Воцарилась долгая тишина, такая же настойчивая, как дождь.

— Рис чистый, — послышалось наконец.

Это был робкий голос Висенты де Пауль.

— Поставлю рис вариться, пообедаем пораньше, — сказала Мамина и вернулась к плите, от которой валил дым. И добавила: — Если кто-нибудь хочет еще молока, скажите.

 

ВСЕГДА НАСТУПАЕТ МОМЕНТ…

Внезапный упадок сил, никогда еще не бывавшая такой сильной слабость — и сразу неизбежный приступ боли в животе. Силы покидают его, все разом, плохие и хорошие силы, которые есть в нем. Оливеро думает: «Если я встану, то, может быть, успею дойти до туалета». Но он только думает это, потому что не может встать. Все это время он слышал голоса Элисы и Полковника словно издалека, как будто они вдруг вышли из дома и кричали на старом причале. Как будто они уплыли далеко в открытое море и в доме осталось только эхо их голосов.

— Я должен справиться с болью, — говорит он. Ему кажется, что он, в отличие от Элисы и Полковника, говорит тихо, сам с собой. — Я должен справиться с этой болью, — повторяет он. — Если глубоко вздохнуть и сосредоточиться на чем-то другом, на плите, например, на мерцании зажженных углей, можно контролировать боль и дерьмо. — И ему кажется, что он собирается с силами. Он даже пытается выпрямиться на стуле, как будто ничего не происходит. — Пожалуйста.

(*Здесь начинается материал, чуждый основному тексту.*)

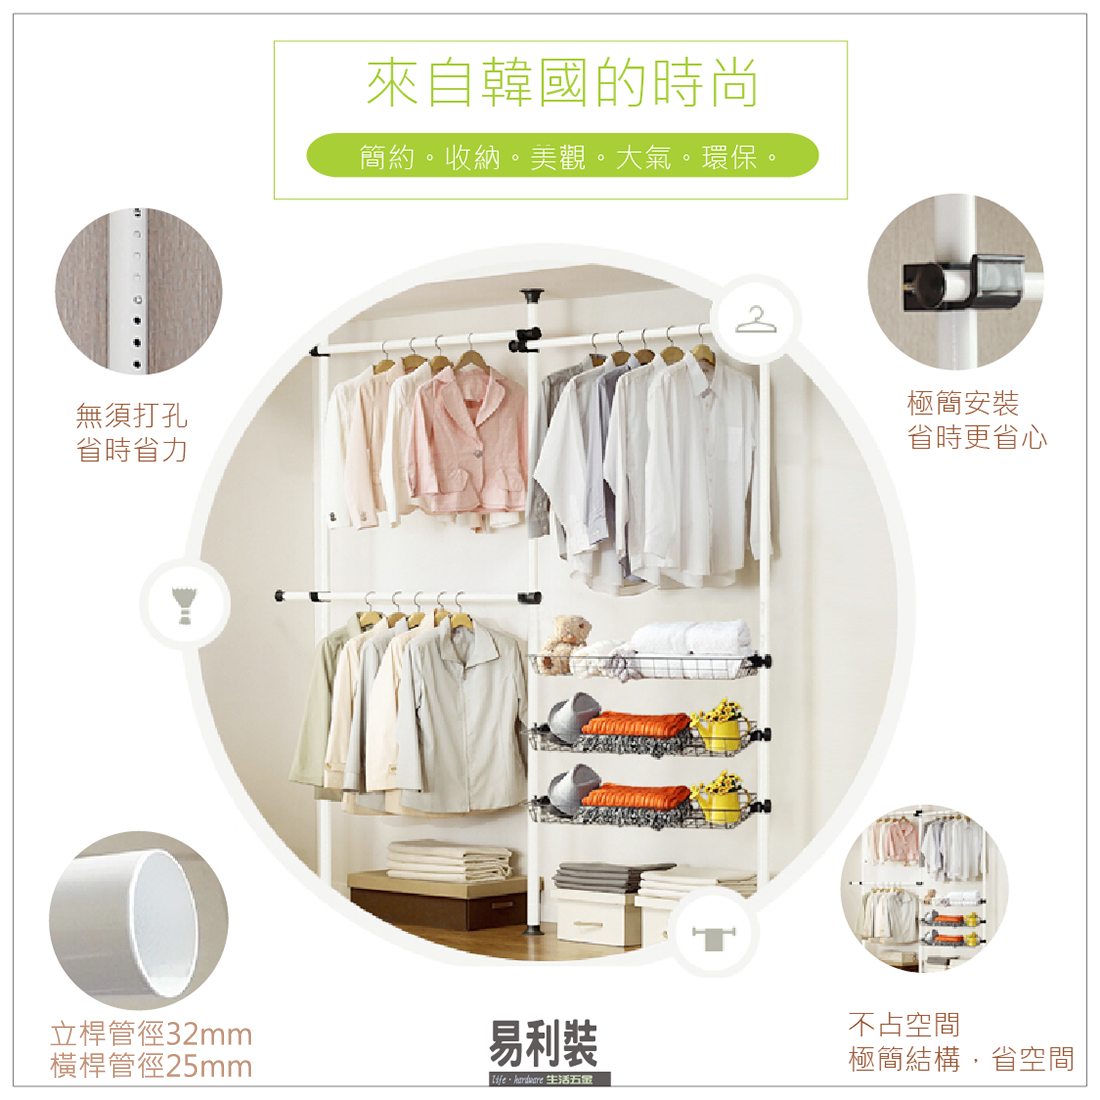 【 EASYCAN  】ECR013 頂天立地組合 易利裝生活五金 房間 臥房 衣櫃 小資族 辦公家具 系統家具 1
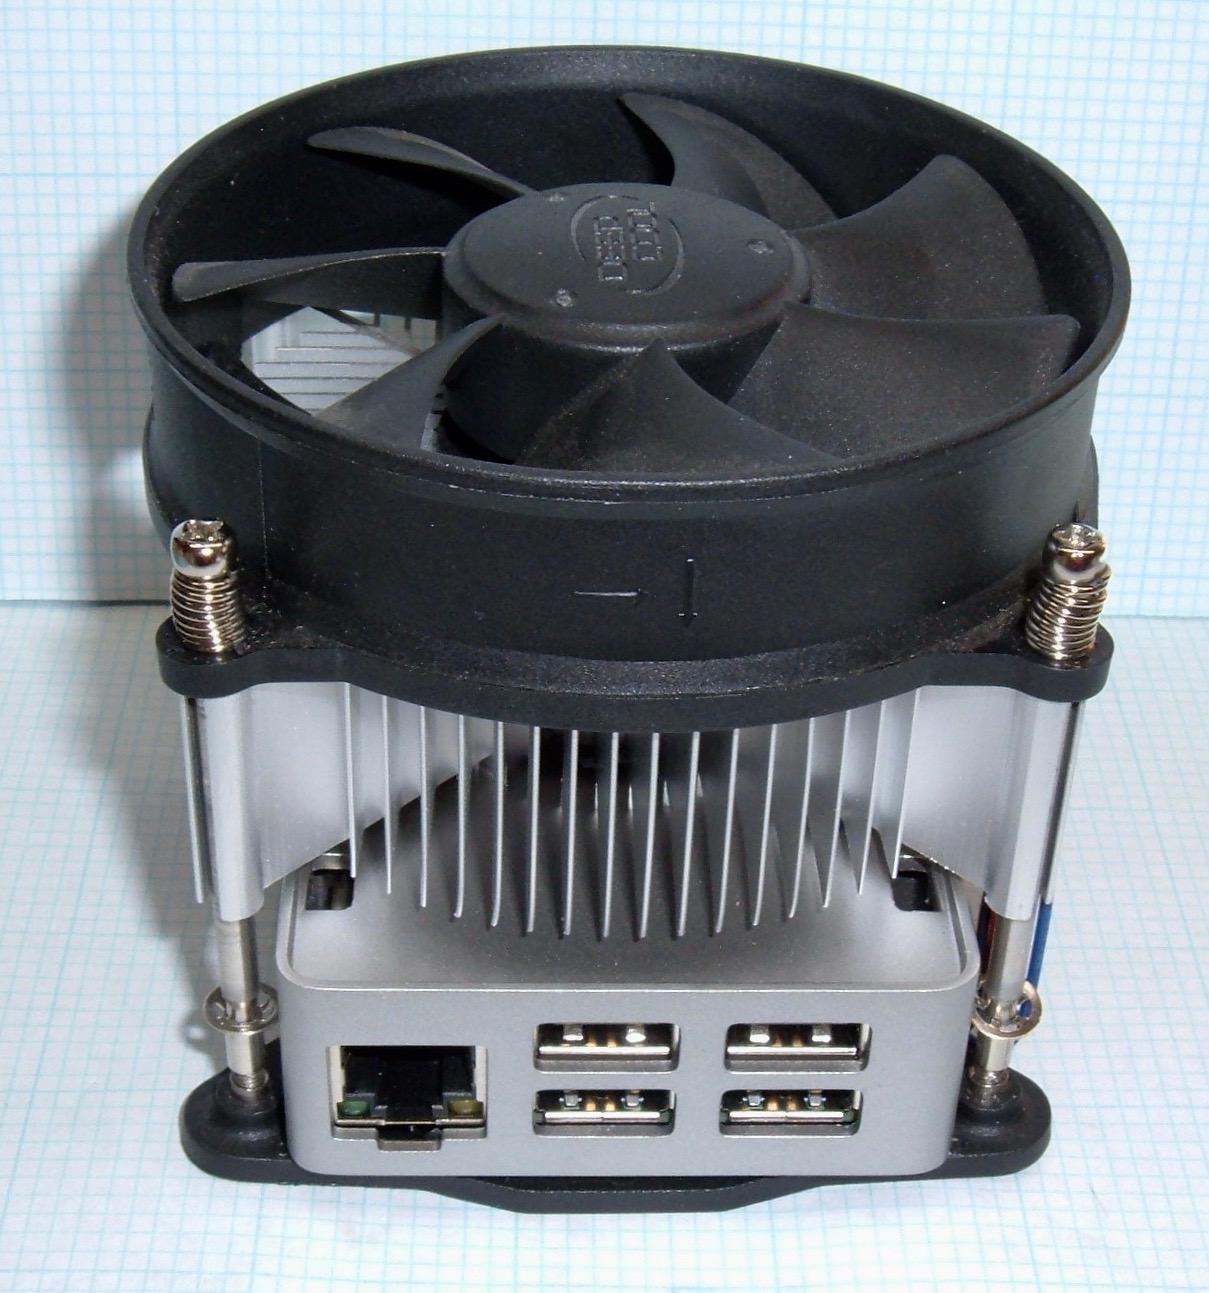 Syonyk's Project Blog: Raspberry Pi 3B+: The FLIRC Case

Он произносит это слабым голосом, голосом, который он может из себя выдавить.

Его никто не слышит?

Он сидит на кухне. Вокруг него семья. И все-таки какое облегчение почувствовать резкую моментальную боль в кишечнике и тут же ощутить бурлящую струю, густую, тяжелую, мягкую и зловонную, которая вырывается из его тела и беззвучно растекается горячей жижей между его бедрами и стулом! И снова почувствовать, что он опустошается изнутри. Как будто весь ворох кишок выходит из него вместе с дерьмом.

Он сидит и не видит дерьма, но прекрасно знает, что это черная жижа (черная от переваренной крови, говорит он себе) с вкраплениями чего-то похожего на кровяные сгустки. Оливеро не знает, сколько времени проходит. Он не знает, который час и где он находится. Вдруг, словно вернувшись из мимолетного путешествия, он замечает, что Элиса и Полковник молчат, они перестали спорить, и все теперь смотрят только на него. В глазах, уставленных на него, сдержанный ужас. Мамина и Андреа рядом с ним. Хуан Милагро поднимает его. Оливеро чувствует, что его поднимают под мышки, как будто его тело ничего не весит. Он осознает, что Хуан Милагро тащит его, выносит его из кухни. И знает также, что оставляет за собой след из дерьма.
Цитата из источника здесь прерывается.